Wisuda Perdana Amtsilati MDS, Program Intensif Satu Tahun Baca Kitab Kuning

0

TANGERANG SELATAN – Sabtu 20 Juli 2019, Madrasah Darus-Sunnah (MDS) yang didirikan oleh KH. Ali Mustafa Yaqub menghelat wisuda perdana Amtsilati. Prosesi yang diadakan di Syahida Inn UIN Syarif Hidayatullah Jakarta itu menjadi penanda selesainya program intensif Amtsilati. Sebanyak 27 santri kelas I MDS dinyatakan tamat dan diwisuda langsung oleh KH.Taufiqul Hakim, penyusun metode Amtsilati.

“Metode Amtsilati adalah pengantar awal yang membantu santri cepat memahami dasar tata bahasa Arab, serta mahir mempraktikannya. Akan tetapi perlu dimatangkan lagi dengan mengaji kitab-kitab klasik ilmu nahwu dan sharaf. Mulai dari al-Ajurumiyah, Durat al-Yatimah, al-‘Amrithi, al-Maqshud, hingga Alfiyah Ibni Malik,” papar KH. Taufiqul Hakim dalam sambutannya yang juga pengasuh pondok pesantren Amtsilati Jepara.

Hal senada juga diutarakan oleh Ust. Muhammad Hanifuddin selaku Waka Akademik MDS bahwa pembelajaran Amtsilati diniatkan untuk jembatan awal bagi santri. Khususnya untuk mempermudah memahami dan mempraktikkan tata bahasa Arab untuk membaca kitab kuning. Menurut Hanif, kompetensi ini tidak dapat ditawar karena sedari awal, visi misi MDS adalah mengader ulama sejak usia dini.
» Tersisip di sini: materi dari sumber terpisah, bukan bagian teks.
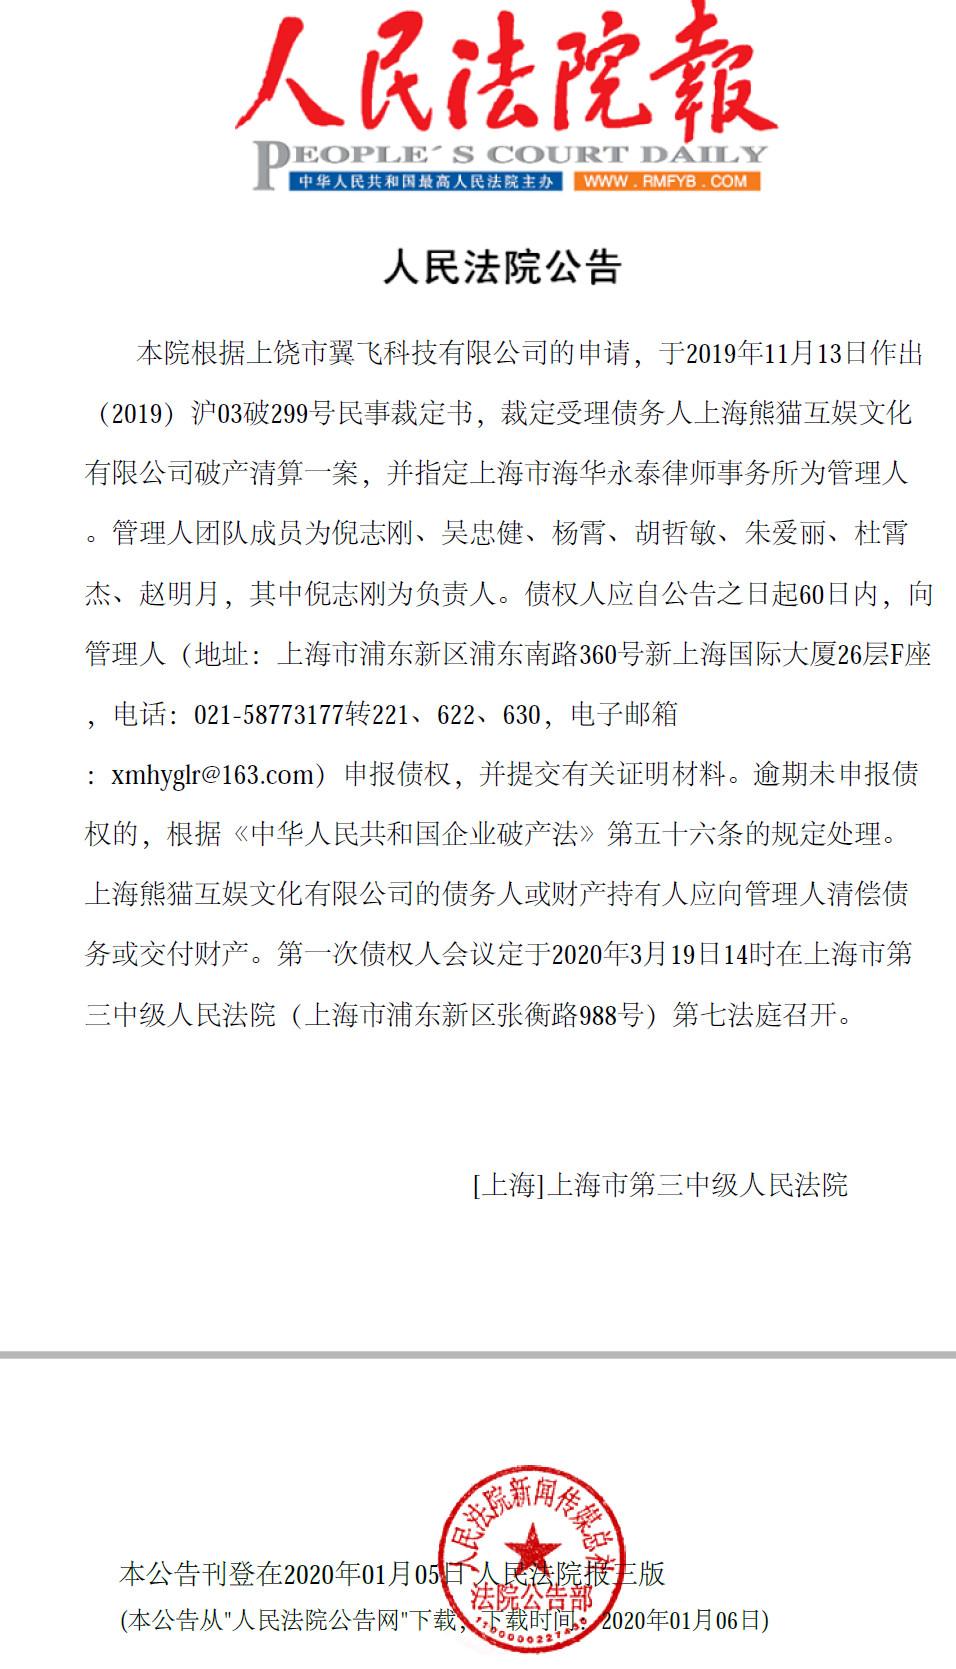 海关总署谈2019年进出口:民企外贸表现突出(全文)

Di empat tahun sebelumnya, MDS belum menerapkan program intensif Amtsilati. Tetapi langsung mengkaji kitab al-Ajurumiyah dan al-Amtsilah al-Tashrifiyah. Amtsilati hanya menjadi salah satu mata pelajaran penunjang. Setelah dilakukan evaluasi, disepakati untuk menggunakan strategi baru. Yakni menerapkan program intensif Amtsilati penuh satu tahun. Setelah itu baru disusul dengan al-Ajurumiyah, al-‘Amrithi, dan Alfiyah Ibni Malik.
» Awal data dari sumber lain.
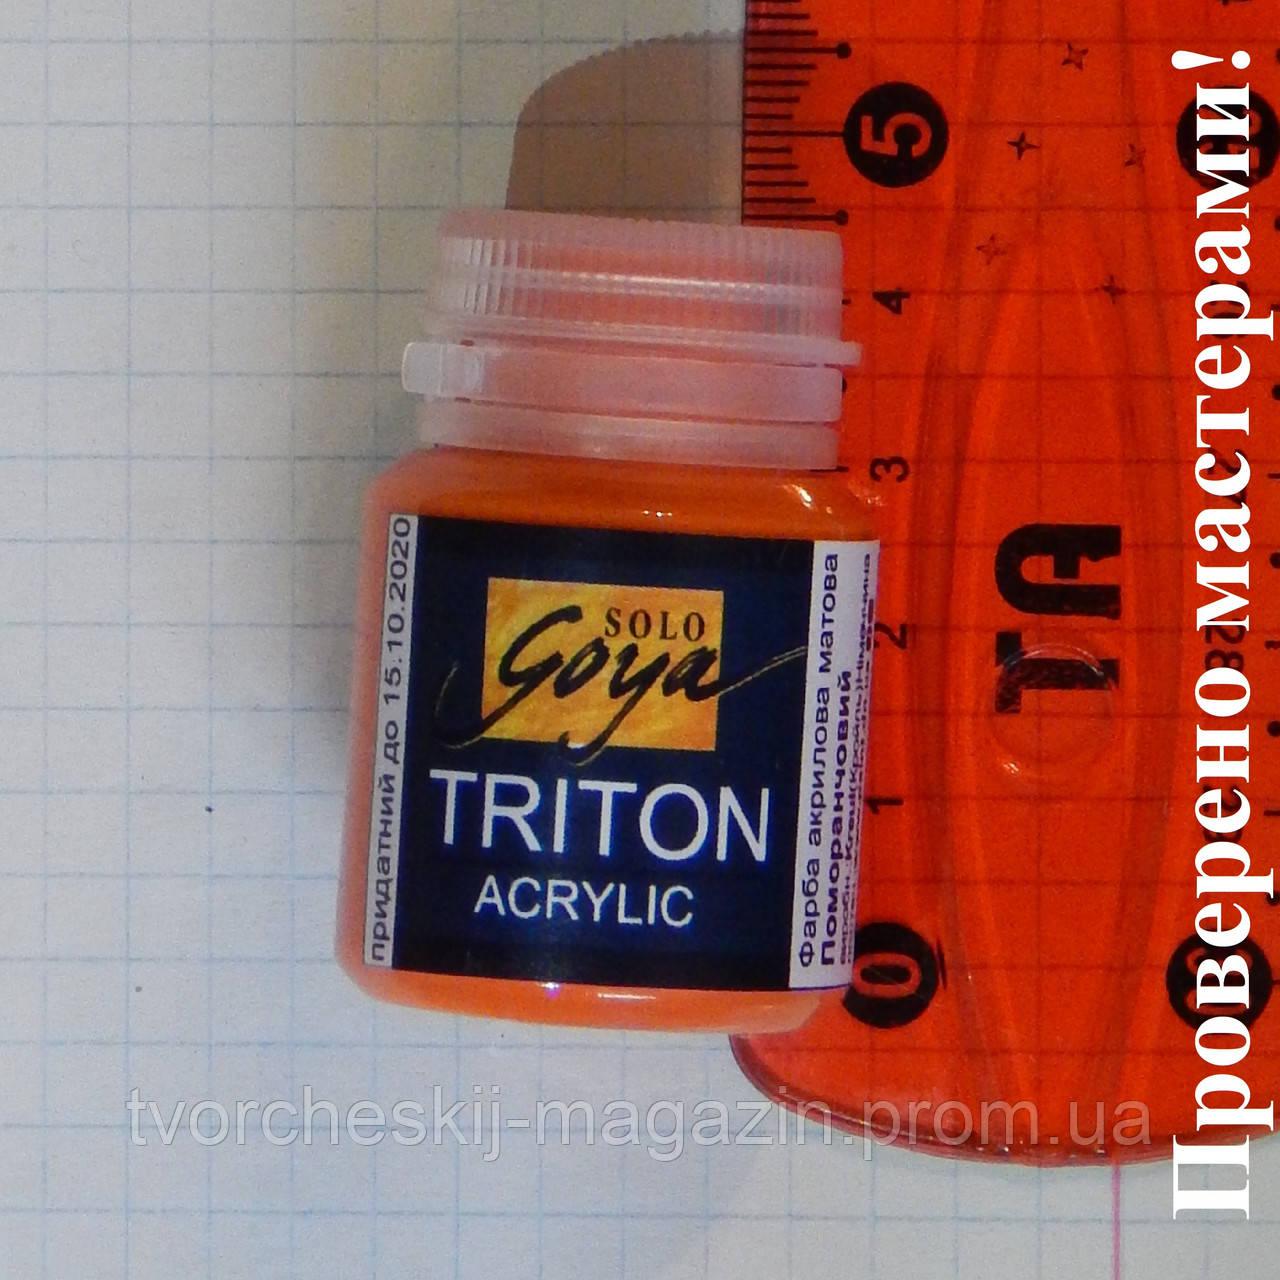 """Краскаакриловая матовая художественная """"Solo Goya"""" Triton 20мл, Оранжевая, фото 1"""

“Kita berharap santri-santri MDS lebih mahir dan giat mempelajari kitab kuning. Tidak lain karena kemampuan membaca kitab kuning adalah prasyarat untuk memahami ilmu keislaman secara baik dan bertanggung jawab,” pungkas Hanif. (eep)

Comments
Loading...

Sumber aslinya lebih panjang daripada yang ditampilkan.